So, using forward PE, Apple will make approximately $24.85 per share in 2011. To give this a 20 PE, it will trade at the end of the year at $497. This is a return of 42% from Friday's close. I see using bullish call spreads as a great way to enhance the potential returns. To be conservative and give a margin of safety for an incorrect potential future valuation, I will use $400 as a 1 year target.

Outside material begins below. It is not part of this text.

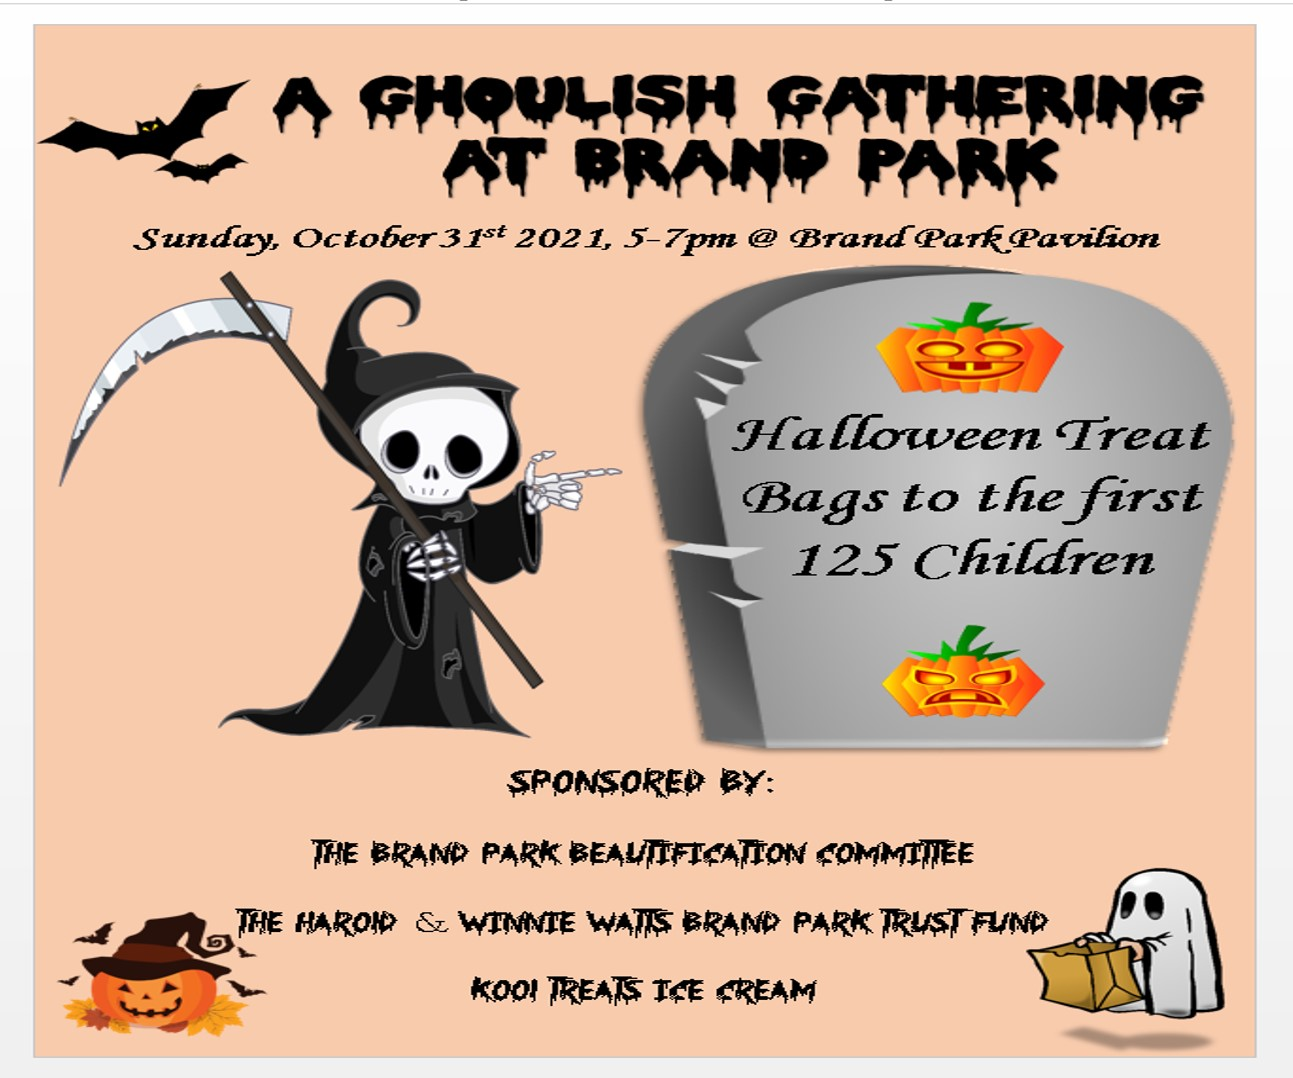 Ghoulish Gathering at Brand Park

Using Friday's closing bid/ask spreads on options, the January 2012 $325/400 call spread cost is $32.80. Ignoring commission costs, this has a maximum return of 128.6% if it closes over $400 at expiration. There is a break-even point of $357.80 at expiration, and a slow amount of time decay due to selling the $400s. With some secured cash, selling the $300 puts as well can net $20.95 back to lower the overall cost to just $11.85. While a short-term pullback is possible, it is difficult to see Apple dropping below $300 in a year's time.
Based on each individual investor's level of bullishness, the call spread can be moved higher or lower. Those who are more confident in seeing $500 next year may be more likely to buy a spread such as the $350/450 which has a 223% maximum return if it closes over $450 at expiration. More conservative investors may use a $250/350 spread which has an expiration break-even of $316.35 and a maximum of 50.7% over $350.
Apple options have created strong opportunities for enhancing returns for long-term bulls in one of the most successful global companies, which continues to innovate and expand with a long way to go before approaching market saturation.